Another farm management problem of special importance is the determination of optimal sampling strategies. Some precision agriculture technologies function by permitting adjustment of farming practices (i.e., input application rates) to match variability in production conditions, such as soil nutrient levels or other aspects of soil quality. Determining the extent of variability is essential, not only at the subfield level, but at all spatial levels. Optimal sampling depends on trade-offs between potential savings in input expenditures, potential gains from increased yields due to improved management, and sampling costs (Hennessy et al., 1996).

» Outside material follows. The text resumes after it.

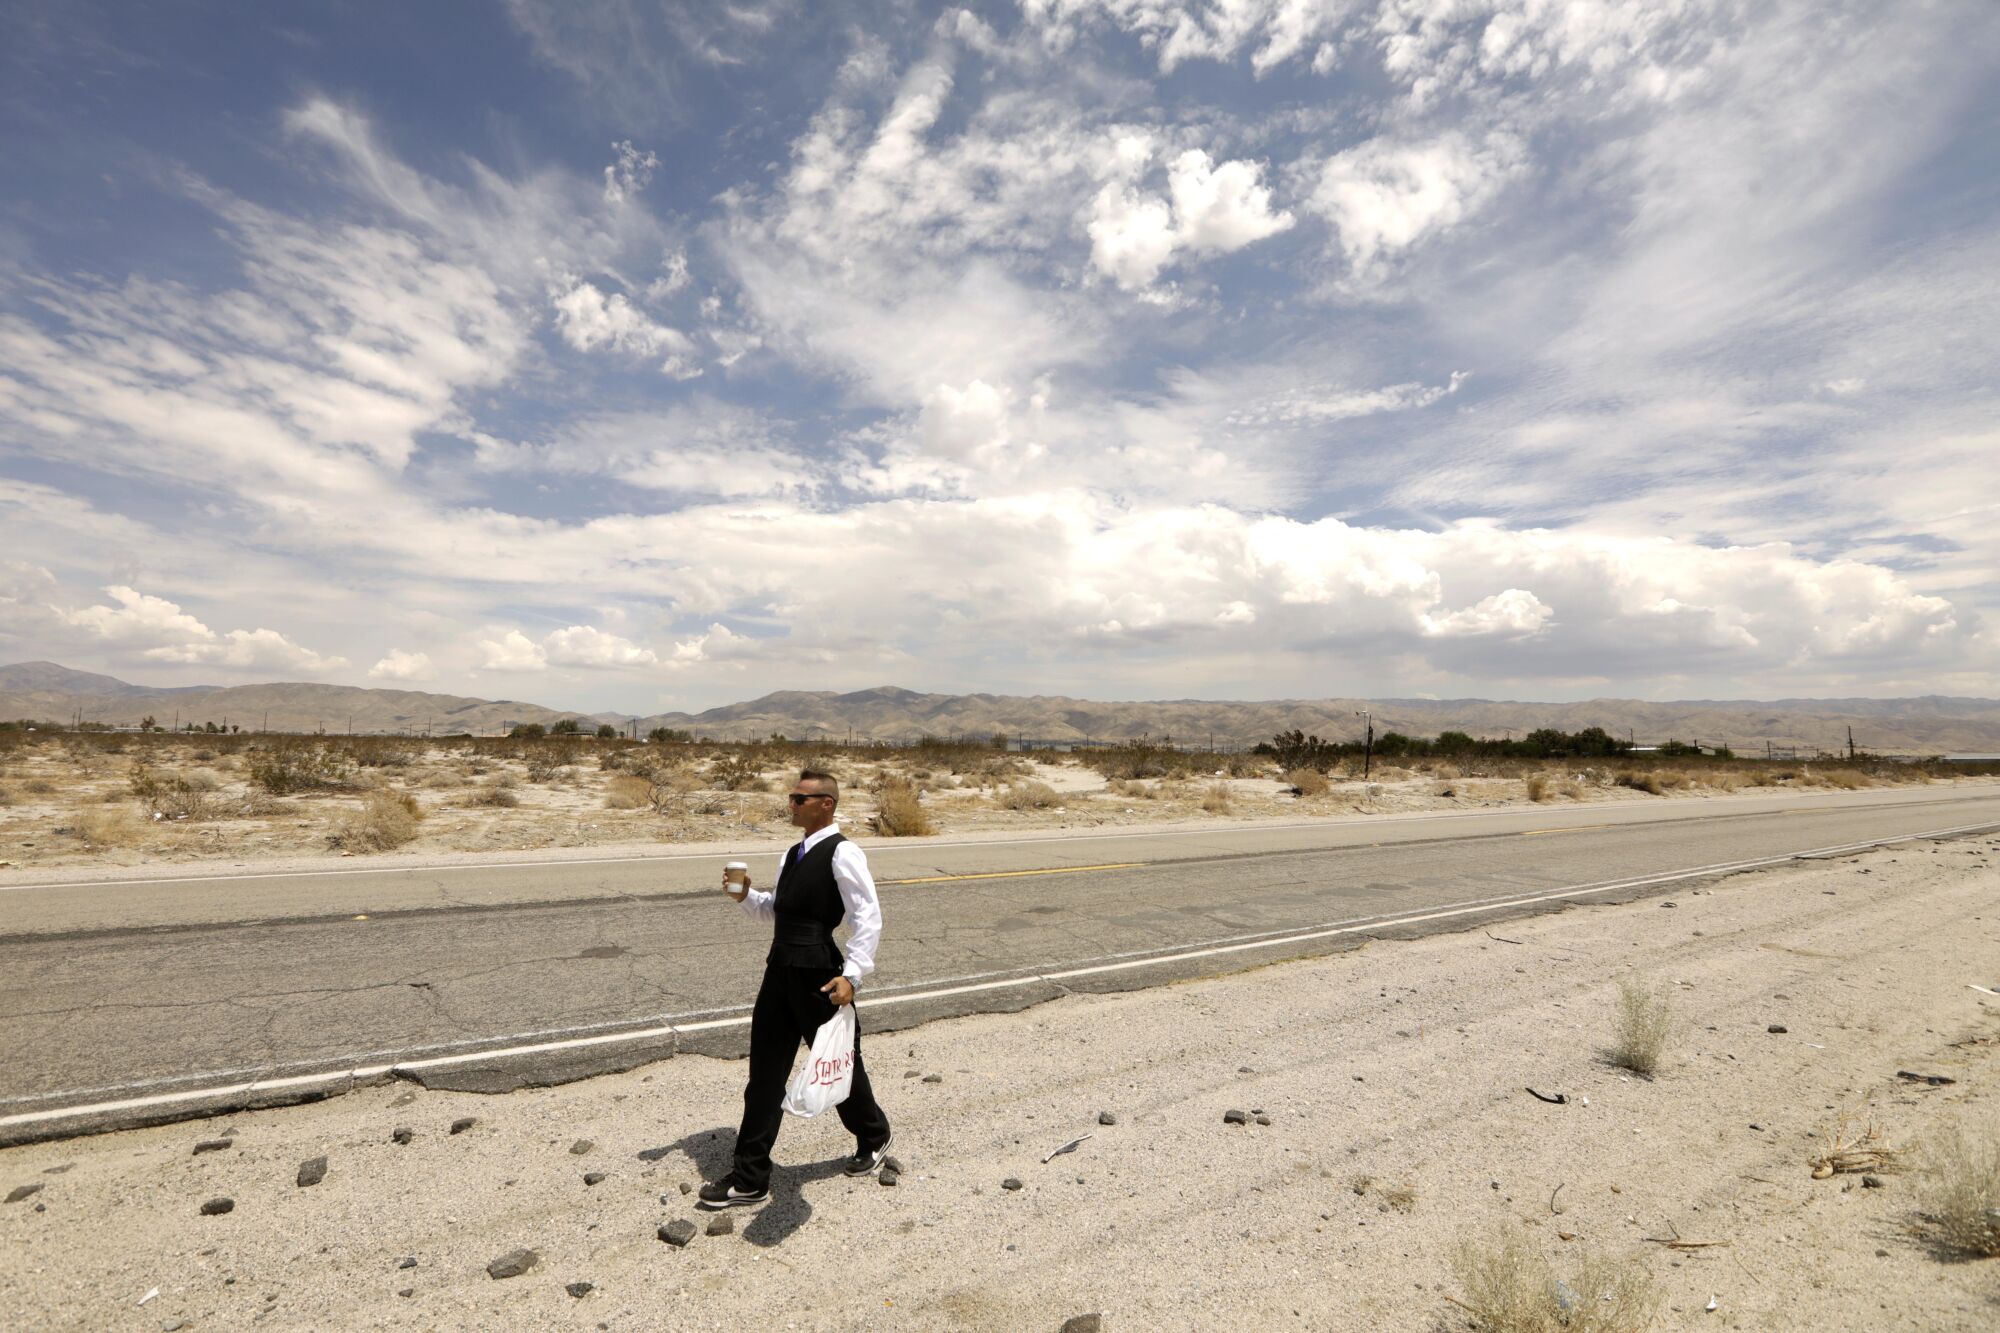 Roger Embrey walks to a job interview along a desert road

Database and GIS systems include interpolation algorithms to predict data at intermediate points, but no existing research validates assumed projections under true agronomic variability in the presence of obvious measurement errors. Geospatial methods must be advanced and incorporated into GIS to facilitate accurate analysis and inference from collected precision agriculture data. The public sector should take the lead role in researching (a) the nature of variability within farm fields and at other spatial scales, (b) the required precision of compatible measurements that are to be included within GIS data sets, and (c) the fundamental geospatial analysis methods necessary for interlayer correlation analysis and inference.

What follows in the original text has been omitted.